Пирс действительно уделял большое значение тому, что он называл этикой терминологии – прежде всего, в том смысле, что точность словоупотребления диктуется не тем, как принято, т.е. не внутренней логикой естественного языка, но внимательным отношением к историческому контексту, который задает правила обозначения новых ситуаций и введения в оборот новых слов и выражений. Этот генеративный аспект языка науки занимал Пирса начиная с 1883 г., когда он, в последний год работы в Хопкинсе, начал писать и редактировать статьи для «Словаря века». Проделанная Пирсом для «Словаря» лексикографическая работа была не просто велика, она был огромна: тома первого издания, выходившие с 1889 по 1891 гг., содержали около 15.000 написанных им статей, практически полностью исчерпывавших разделы «Словаря», посвященные логике, метафизике, математике, механике, астрономии, а также стандартам мер и весов. С одной стороны, эта работа представляла собой терминологическую часть пирсовской архитектоники; с другой – она была продолжением читавшегося Пирсом в Хопкинсе курса по философской терминологии.323
Время выхода «Словаря», предшествуя началу переписки с Карусом совпадает с очередной крупной перестройкой Арисби и новыми (реальными или мнимыми) проблемами со здоровьем у Джульетты. Март-апрель 1889 г. Джульетта проводит в Сан-Августине, Флорида, куда ее отправляет Чарльз на то время, пока в доме не закончатся плотницкие работы, а в горном Милфорде не сойдет последний снег. Дело с обустройством и реконструкцией движется медленно; к тому же, по прибытии, в мае, врачи врач диагностирует у Джульетты туберкулез. Как следует из писем Пирса Джему, он сам был склонен считать ее состояние крайне тяжелым:
Она имеет некоторые симптомы болезни легких.

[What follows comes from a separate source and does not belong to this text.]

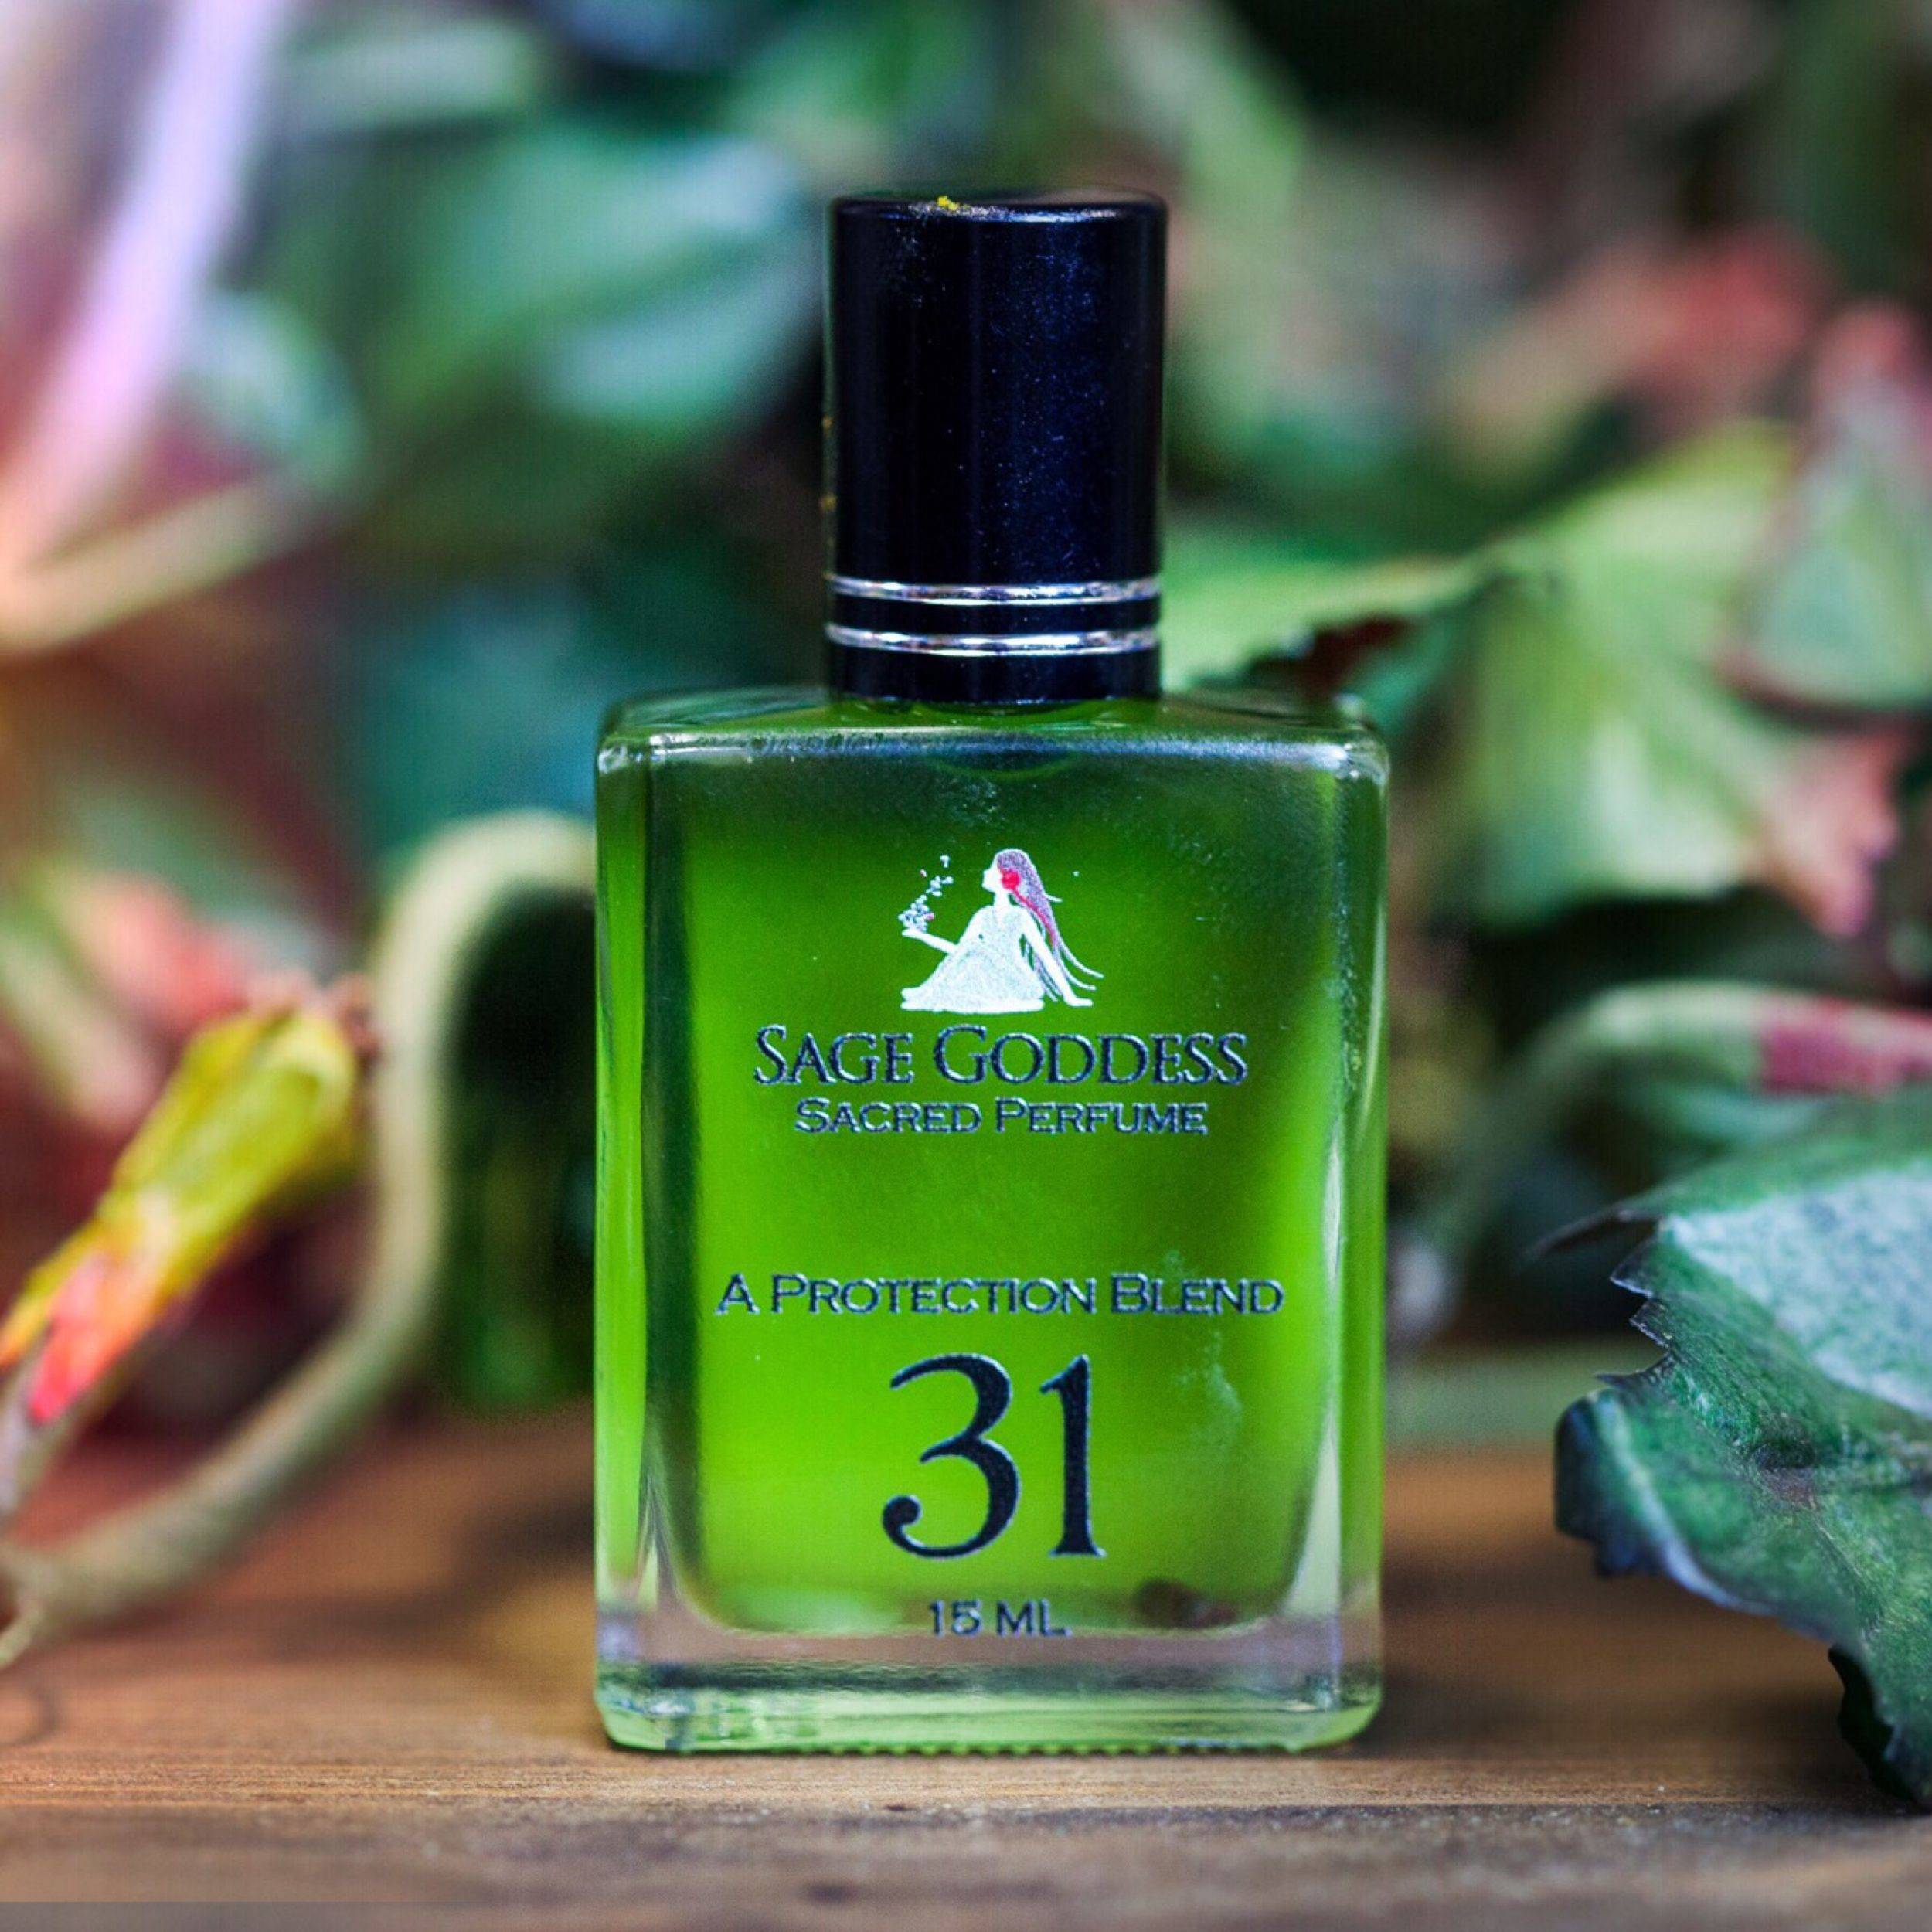 31 Perfume *

Меня это все сильно беспокоит, а ее и вовсе вгоняет в глубокую депрессию,. Последняя, сама по себе – дело, с которым крайне сложно справиться. Ее мучают сильные боли в груди и левом предплечье, она очень слаба... С другой стороны, многие из симптомов, обычных для такой ситуации, против всякой логики, не присутствуют. У нее нет кашля, она не теряет в весе, да и не выглядит такой уж больной. Доктор Стимсон в этом сезоне ее еще не осматривал. Однако, год назад он сказал, когда она даже близко не была больна как сейчас, что несколько ближайших зим на севере она может и не перенести. Ее депрессия настолько глубока, что я полагаю абсолютно неизбежным отправить ее туда, где она сможет немного развлечься. Я не думаю, что ей на этот раз подойдет Понс де Леон. В Новом Орлеане, говорят, слишком сыро, так что остается только Мексика и Сицилия. <…> Она... хочет посетить Палестину, но мы не можем себе этого позволить.324
Поздней осенью 1889 г. Джульетта отплыла в Европу. Судя по письмам самой Джульетты, а также уже по цитировавшейся корреспонденции путешествовавшего тогда же Джема, их маршруты (Гибралтар, Каир, Александрия, Неаполь, Флоренция, Рим, Палермо и т.д.) были типичны для того времени, поскольку проходили через места наиболее заметных из археологических раскопок, производившихся на тот момент в Европе и Леванте.*
Болезни Джульетты (через полгода после возвращения из Европы перенесшей тяжелую операцию), опровергающие их свидетельства в сообщениях встречавшего ее во время путешествий Джема, резкие письма Джульетты Чарльзу, наполненные обвинениями в пьянстве и безответственности, экзальтированные, сбивчивые и пространные ответы Пирса, совершавшего многочисленные, но в значительной степени безуспешные попытки заработать, непрочное положение Пирса в Береговой службе, заботы по обустройству разросшейся усадьбы... Незадолго до возвращения Джульетты, в апреле 1890 г., Пирс писал ей:
Твои послания ко мне исполнены такой ненависти, что я не знаю, как тебе писать. Трудности, с которыми мне приходится сталкиваться, ты даже не можешь себе представить. Тебе было бы лучше датировать свои письма и сообщать, сколько именно денег ты получаешь, чтобы я был спокоен, зная, что ничего не утеряно, – как уже утеряны, я полагаю, какие-то посланные мною суммы. Я пошлю тебе отчет от банкира. Так или иначе, хочу сообщить, что я послал тебе 750 франков одиннадцатого апреля, и еще 750 семнадцатого.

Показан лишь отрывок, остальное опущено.